The platform's runtime moves to JDK 24 and GraalVM 24.2.1 in this release, with Gradle 8.14 picking up the new toolchain. The upgrade is the second major Java step after the JDK 21 baseline that landed in March 2024 ; it is the foundation the platform's late-2025 and early-2026 work builds on — virtual threads at scale, ClassFile API for ProGuard compatibility, structured-concurrency previews, GraalVM polyglot Python support.
- Virtual threads stable. JEP 444's finalisation in JDK 21 made virtual threads production-grade ; JDK 24's JIT and scheduler refinements make them comfortable at thousands-of-threads-per-process scale. The platform-wide VirtualThreadExecutor (shipped later in 2025-11) builds on this floor.
- GraalVM 24.2.1 JIT. The platform's server-side scripting surface — JavaScript via GraalVM, Python via GraalPy — runs inside the same JVM as the rest of the runtime, so the GraalVM JIT improvements flow through to user-authored scripts as well as to platform internals.

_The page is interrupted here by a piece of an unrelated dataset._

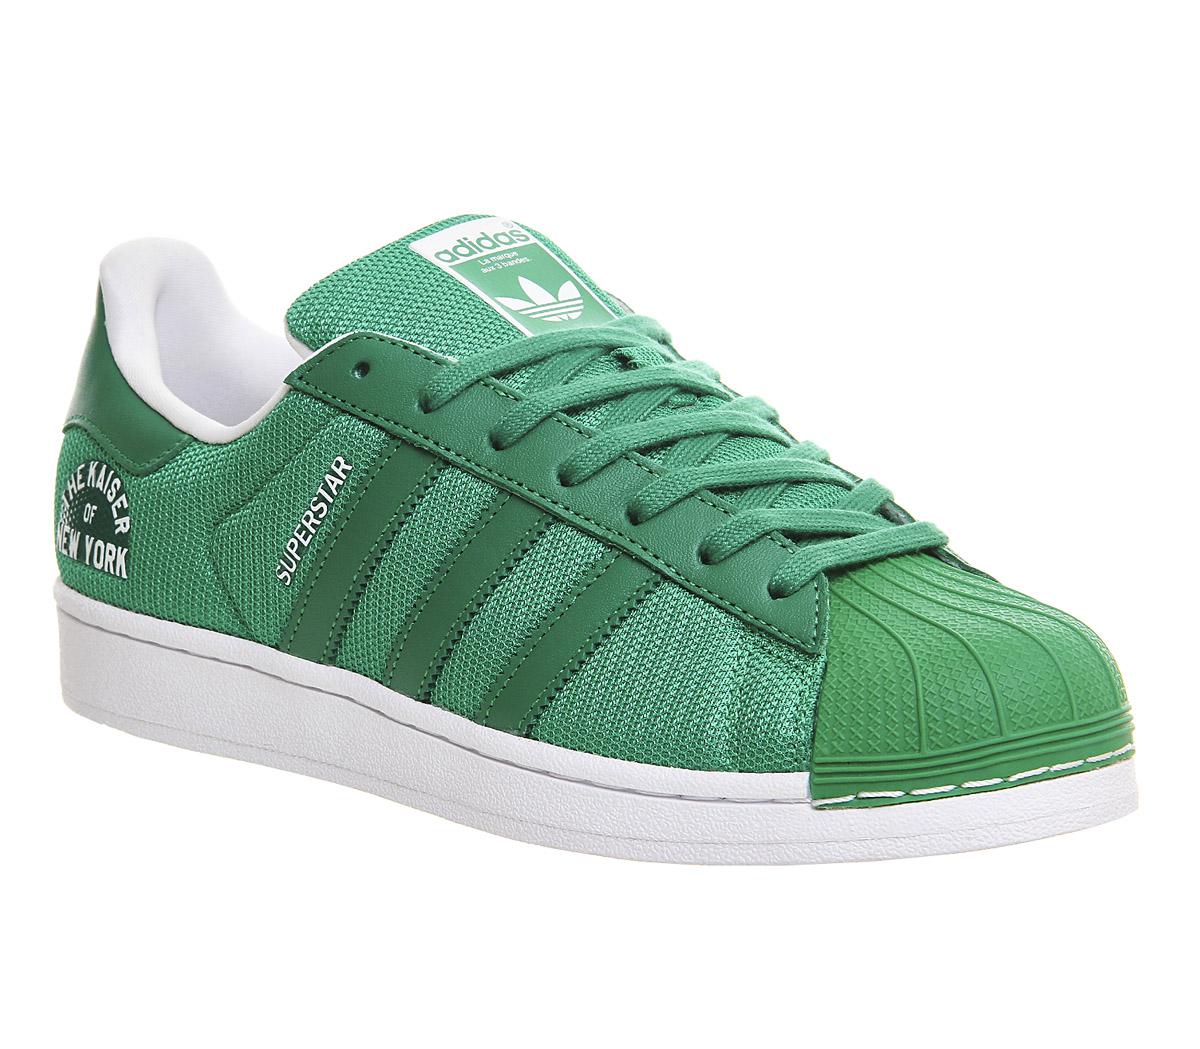 Adidas Superstar Shoes Green Men's Lifestyle Adidas US, 52% OFF

- ClassFile API. The new standard ClassFile API replaces the deprecated
sun.misc.Unsafebytecode paths the platform's earlier ProGuard configuration relied on, future-proofing the bytecode-optimisation step. - Gradle 8.14. The build toolchain moves to the version that recognises JDK 24 natively, eliminating the workaround configuration that the JDK-23-on-Gradle-8.13 path required.
JDK 24 is a six-month release ; the platform's LTS landing is JDK 25, which followed on 2026-03-12. The interim step matters because it carried the virtual-thread maturity that the platform's high-concurrency surfaces — JDBC pool tier-3, AI agent parallel execution, SSE streaming — depend on at scale.